Advertisement

Drama finds Danica in nail-biter at Daytona

DAYTONA BEACH, Fla. – All that remained for Danica Patrick to qualify for Sunday's Daytona 500 was what should have been three simple laps.

That's when she noticed Denny Hamlin in her rearview mirror. It was the same vision she saw in practice Wednesday just before Hamlin spun her out, wrecking her primary car and making a stressful qualifying process into perhaps, she said, the most nerve-racking race of her career.

Now here he was again, her friend, her golfing buddy, her neighbor in the infield lot here at Daytona, only he was running close, closer, too close again to her rear bumper.

Next thing she knew she was spinning around on Daytona International Speedway, clipping cars and slashing through the infield grass, the dream of running Sunday flashing before her eyes, the dread of failing her team, her fans and her sponsors racing through her mind.

"I just can't believe it," she shouted to her crew through her radio. "I can't believe Denny wrecked me again."

There are plenty who still wonder about just how good Patrick can be as she begins her third full season in NASCAR's Sprint Cup Series. There has never been a question about her will, though, and it was on full display Thursday in every imaginable way.

Patrick's No. 10 wasn't much to look after getting spun and slammed, but it could still move forward. That was enough.

So after some on-the-fly repairs, she went back out with three spots or so to make up in order to qualify and two laps to do it in. Thanks to a big push from teammate Kurt Busch, she rallied, passed eight cars and finished 10th, good enough to make it into Sunday's race, albeit in what will be a backup car to the backup car.

Then, when Hamlin approached her on pit road after climbing out of her beat-up car, she went right at him for nearly ruining the whole thing. Again.

"Dude, you give me nothing," Patrick said. "You spun me around."

"Your car is too loose," Hamlin argued back.

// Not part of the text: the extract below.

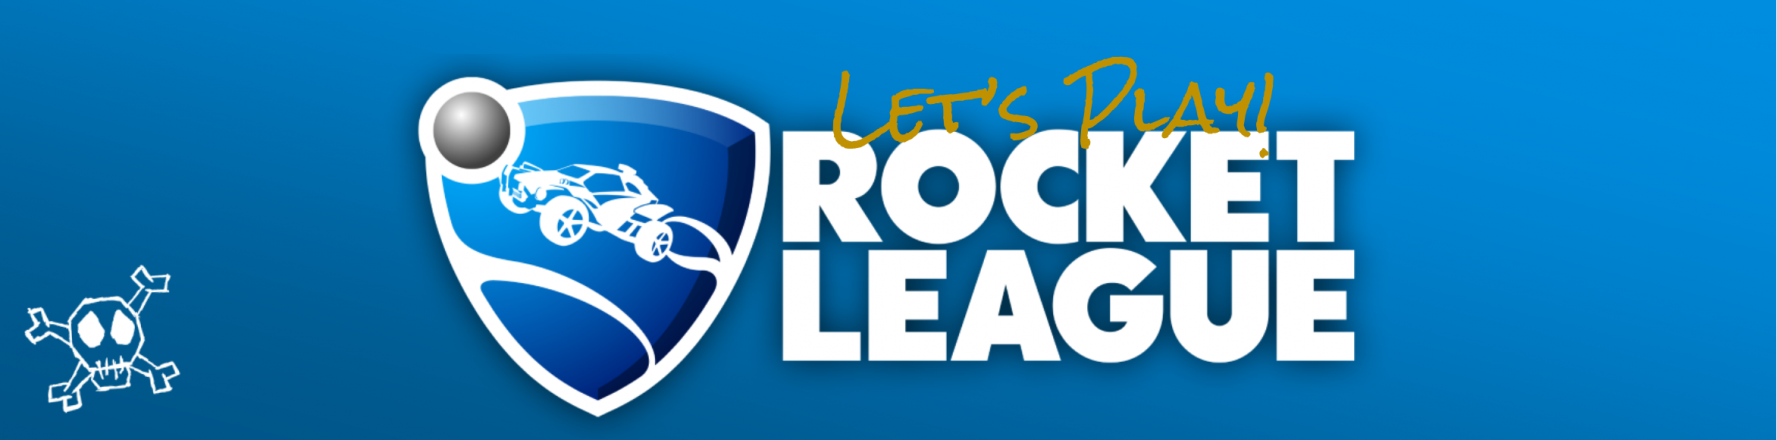 I love Rocket League – I'm not great at Rocket League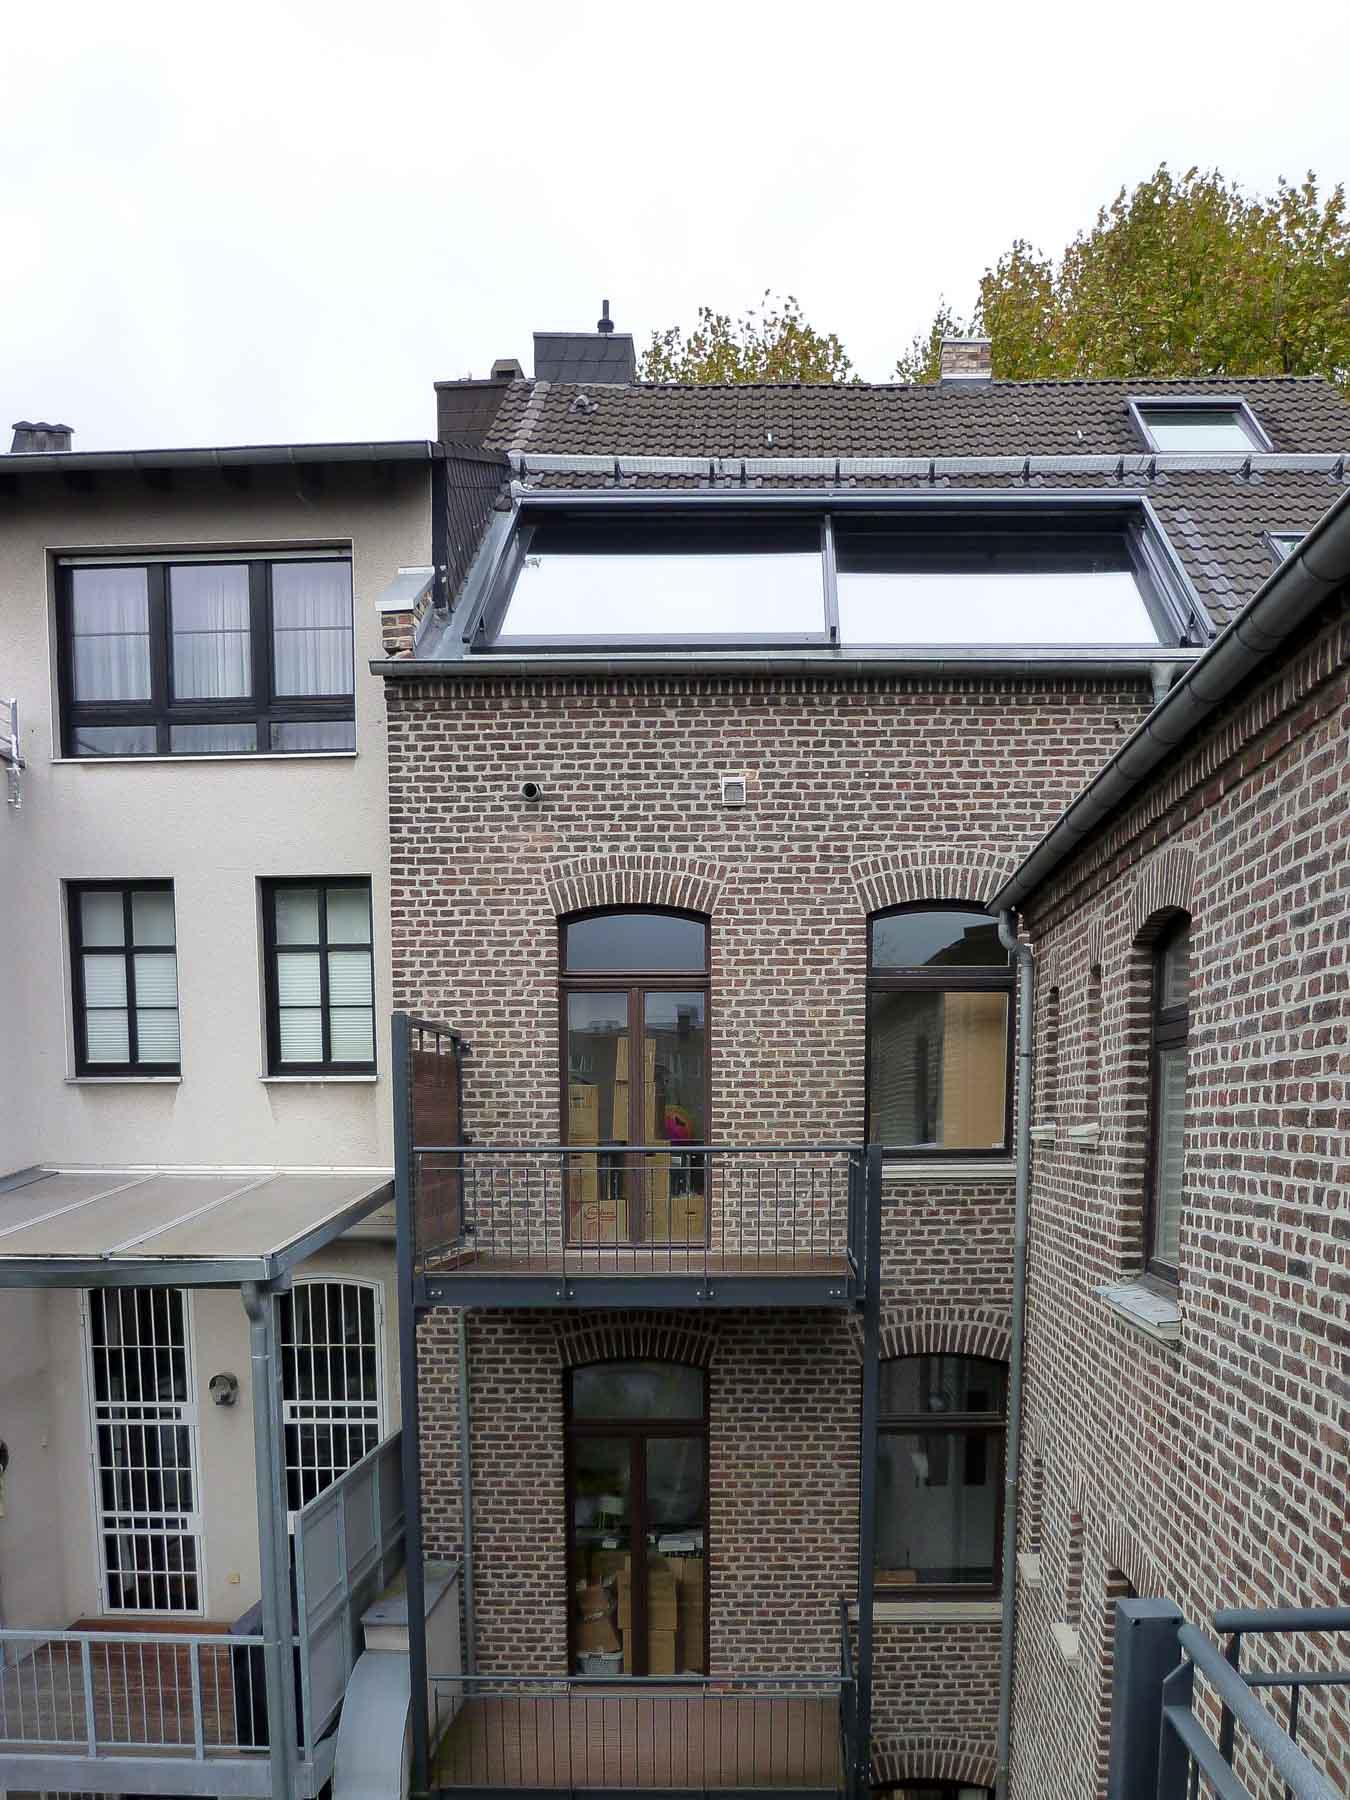 Panorama Dachschiebefenster in Neuss (Objekt 1170). 2-teiliges Dachschiebefenster (Panorama AL) zur Belichtung der Küche im Dachgeschoss

"Nobody else did it to me," Patrick said.

"Nobody else gets close to you," Hamlin said.

"Everybody gets close," Patrick said, refusing to back down. "You don't need to turn me. That's what you did."

Hamlin denied ever making contact, even doubling down on that claim via Twitter some two hours later. Patrick's car owner, Tony Stewart, jumped in and told Hamlin he was wrong.

"Tony I never touched her," Hamlin shouted. "I never touched her. What do you want me to do, not run close?

"Watch the video," Stewart said.

"Do you not want me to run close?" Hamlin continued.

"You just don't need to get so close that it turns me," Patrick said. "I like you, but I just don't understand Denny."

Soon they were separated but not before turning primetime qualifying here into a rather intense, and quite watchable affair. What is often just a formality in racing was must-see reality TV. No one from NASCAR minded the drama.

"I am sure it was incredibly exciting," Patrick noted later.

Missing out on the Daytona 500 would've been a disaster for Danica, who is still fighting for respect and still feels a significant obligation to her primary sponsor, Go Daddy. "It's the biggest race of the year and we need to be in it."

To have it happen because the same person wrecked her twice, on consecutive days, would've made the entire thing worse.

"Twice makes it twice as bad," she said. "Or even more."

She admitted to being nervous all day about the do-or-die nature of these Budweiser Duels, 150-mile sprints where she needed a top-15 finish just to survive until Sunday.

Due to the unpredictable nature of pack racing on a 2.5-mile superspeedway, which leads to wild wrecks, there is only so much control anyone has. And then it happened. And then she was getting the blame for it, and from a fellow driver who she has great trust in, great appreciation for always supporting her even as she's crashed the party here as the often lone female.

"I treat her as equal on the race track," Hamlin said later. "I'm not going to say, 'She's Danica, so I have to give her some extra room.' You're here in the Cup Series, you have to be able to handle those situations."

"Like I said, we're friends," Patrick said. "I like Denny a lot."

Still, she couldn't agree with his position.

"I am confident other cars get very close and things like that don't happen," she said. "I've [logged] thousands of miles at this speedway racing now and I haven't found that to be a problem. I just think that he's wrong. I think that he's too close …

"We just have a difference of opinion."

Later, Hamlin tweeted out an apology of sorts.

Whatever it was, Patrick wasn't budging an inch. Not after the race and more importantly not in the heat of it. With two laps to qualify, she found a way to qualify.

"Screw it," she said she told herself as her crew sent her back out, "I am just going to be desperate."

Desperate got her into the Daytona 500. Determined got her standing her ground to Hamlin.

When it was all over, a 15-minute span that featured a big wreck, a Hail Mary comeback and a nationally televised argument, she could only sigh.

"End of the day," she said, "I'm in the race."

It's never a dull moment for Danica. Now the big race Sunday awaits.